No acknowledgement found.

References

1. Fagan AJ, Welker KM, Amrami KK, et al. Image Artifact Management for Clinical Magnetic Resonance Imaging on a 7 T Scanner Using Single-Channel Radiofrequency Transmit Mode. Invest Radiol 2019;54:781-91.

2. Ladd ME, Bachert P, Meyerspeer M, et al. Pros and cons of ultra-high-field MRI/MRS for human application. Prog Nucl Magn Reson Spectrosc 2018;109:1-50.

3. Rusheen A, Goyal A, Owen R, et al. The development of ultra-high field MRI guidance technology for neuronavigation. Journal of Neurosurgery 2021;accepted.

4. Peerlings J, Compter I, Janssen F, et al. Characterizing geometrical accuracy in clinically optimised 7T and 3T magnetic resonance images for high-precision radiation treatment of brain tumours. Phys Imaging Radiat Oncol 2019;9:35-42.

5. Voormolen EH, Diederen SJH, Woerdeman P, et al. Implications of Extracranial Distortion in Ultra-High-Field Magnetic Resonance Imaging for Image-Guided Cranial Neurosurgery. World Neurosurg 2019;126:e250-e8.

6. Lau JC, Khan AR, Zeng TY, MacDougall KW, Parrent AG, Peters TM. Quantification of local geometric distortion in structural magnetic resonance images: Application to ultra-high fields. Neuroimage 2018;168:141-51.

7. Duchin Y, Abosch A, Yacoub E, Sapiro G, Harel N. Feasibility of using ultra-high field (7 T) MRI for clinical surgical targeting. PLoS One 2012;7:e37328.

Figures

Figure 1: Coronal (left) and axial (right) images of the custom-built 3D grid phantom used to perform fine calibration of the 7T MRI system’s gradients. Distance measurements were performed as indicated with the red arrows, i.e. without going to the phantom’s edges, to avoid potential edge effects.

Figure 2: Sequence acquisition parameters for the 3T-7T imaging comparisons. The subjects had 10 skin-adhesive fiducials placed around the scalp at standard placement locations for frameless procedures.

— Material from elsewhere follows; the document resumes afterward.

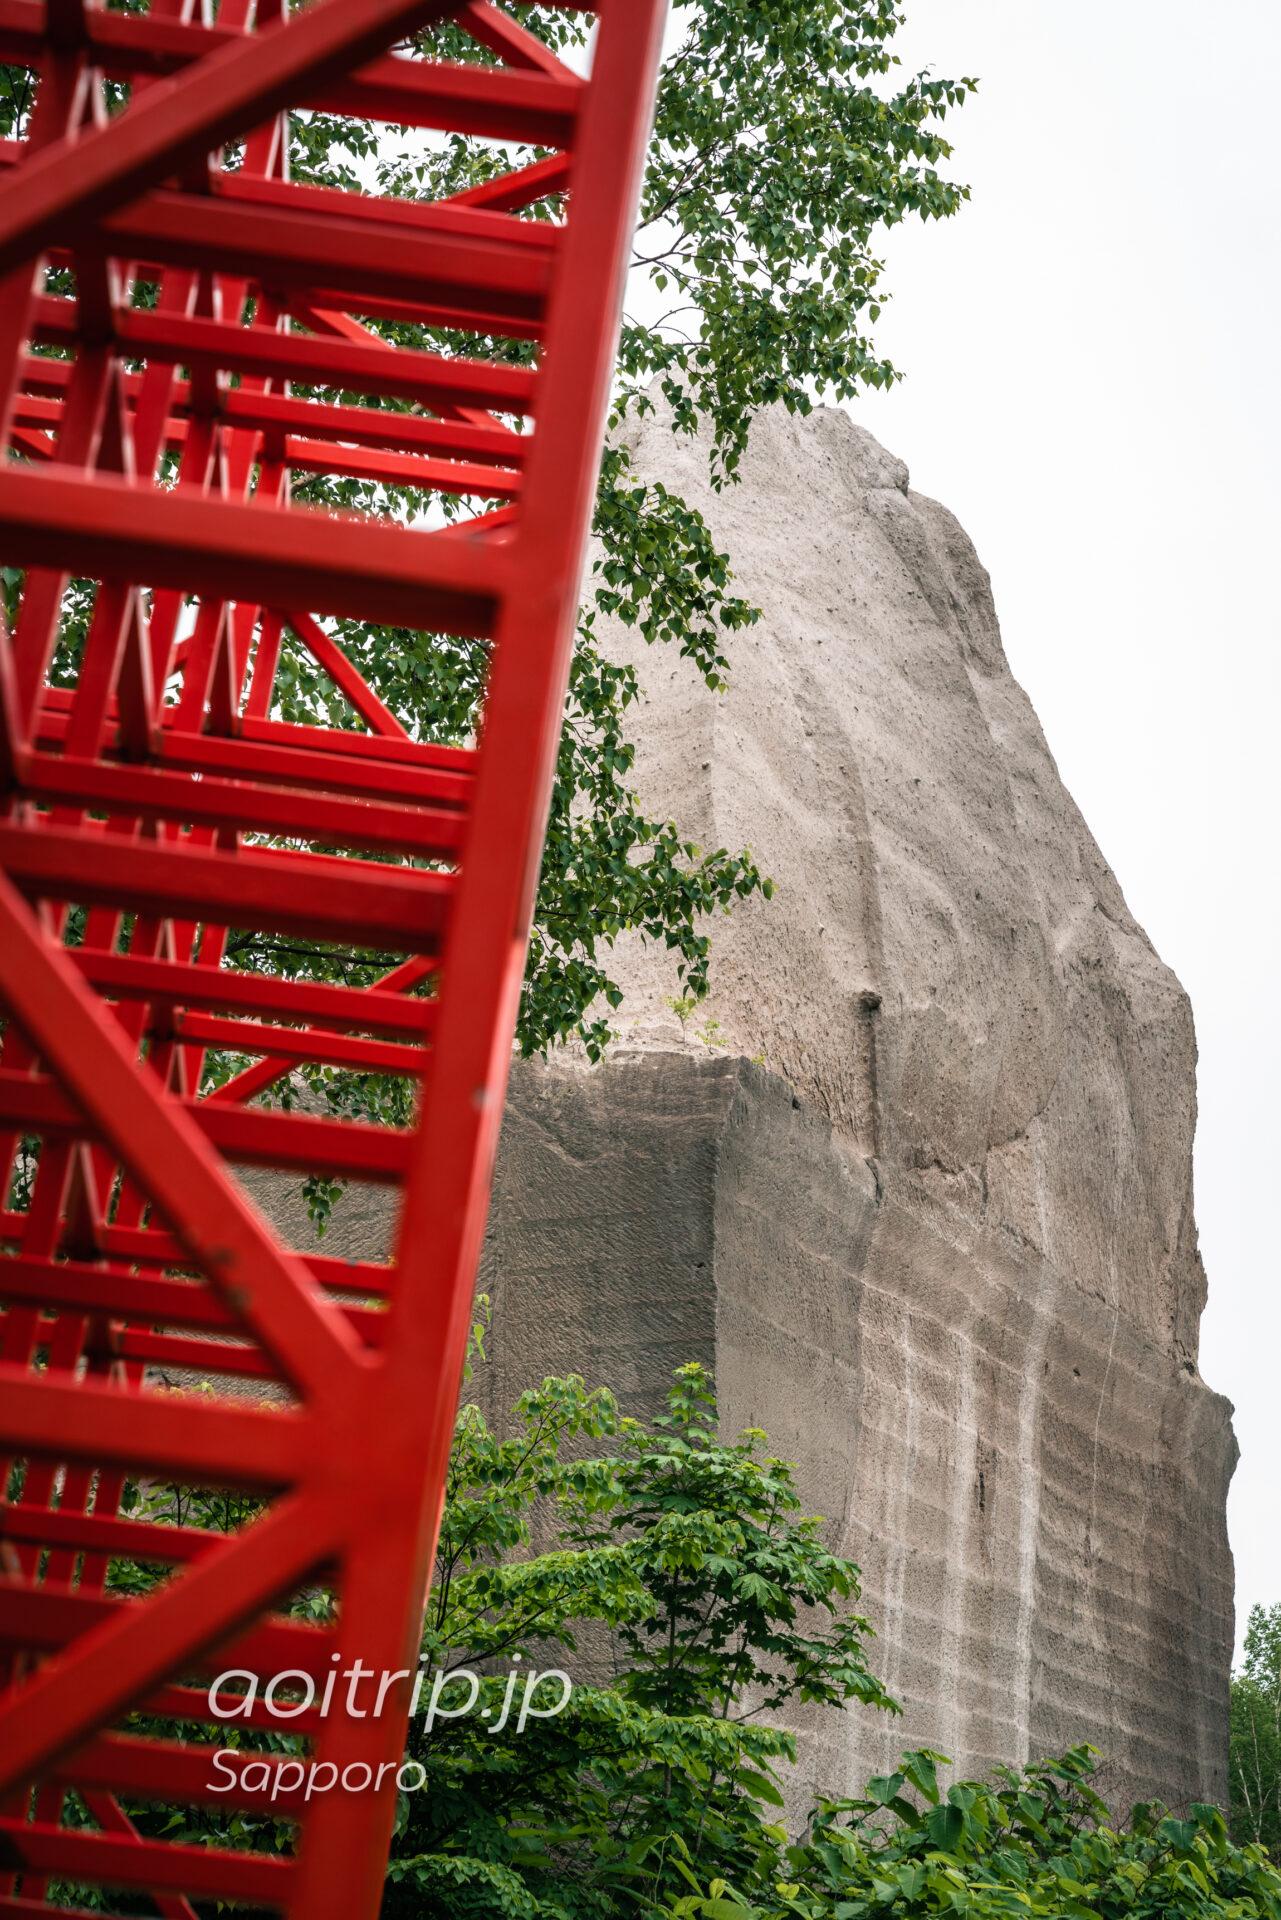 札幌 石山緑地の赤い空の箱

Figure 3: Overlay of 3T and 7T MPRAGE images of one subject before (left) and after (right) applying the gradient scaling correction. The improvements are most pronounced at the skin surface around the head.

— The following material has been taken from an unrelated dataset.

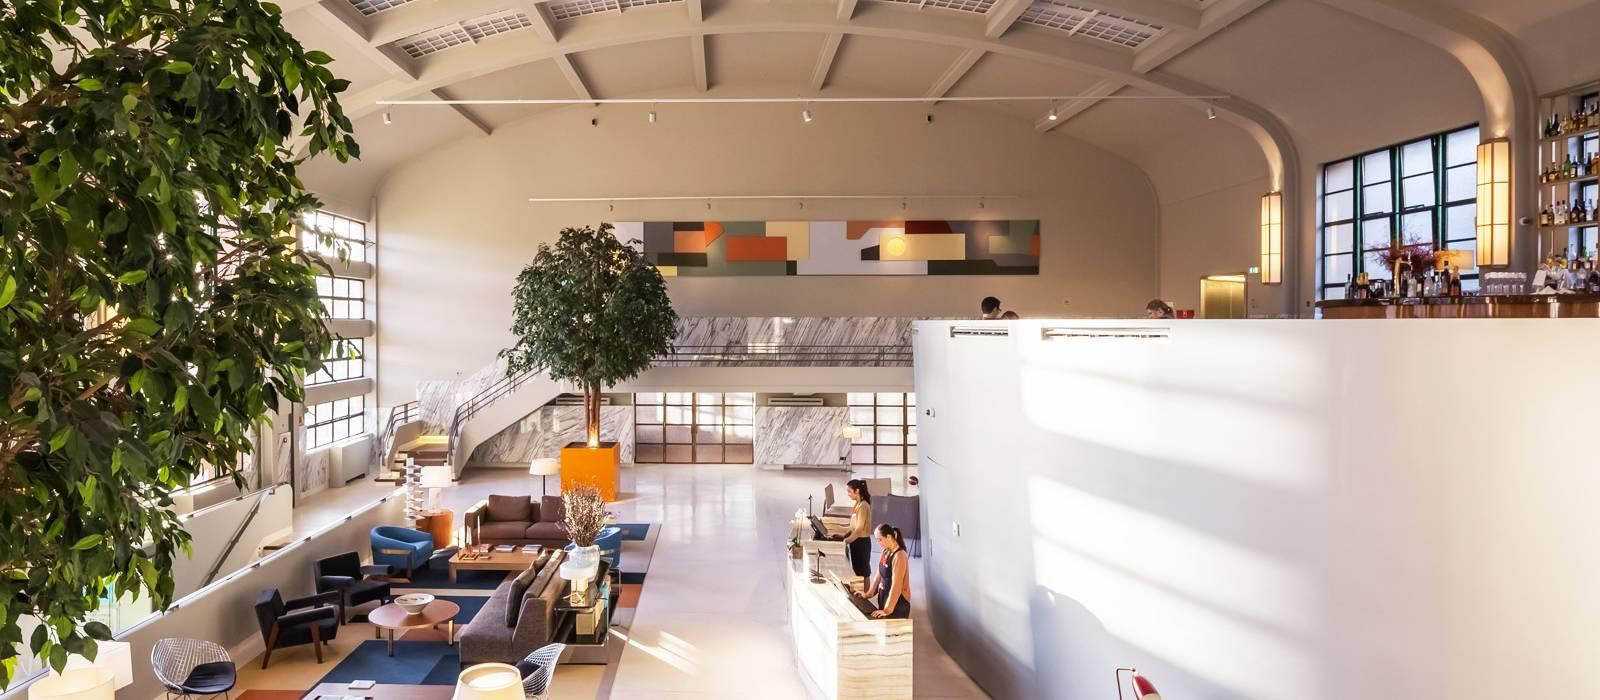 Angebote Hotel Vincci Porto - 4 Nächte Bleiben und sparen!

Figure 4: Fiducial location differences between 7T and 3T averaged across all fiducials and subjects for MPRAGE as a function of receiver bandwidths (Hz/pixel), and for the vendor’s 3D distortion correction (3D DC), and after applying the gradient scaling factor (GSC) and field map corrections. The * indicates significant (p <0.05) differences between steps with the same bandwidth, and before/after applying the GSC. The fieldmap correction did not improve the accuracy.

Figure 5: Image registration errors for the SPACE and FLAIR images at each field strength, compared to the MPRAGE images. GSC = gradient scaling factor.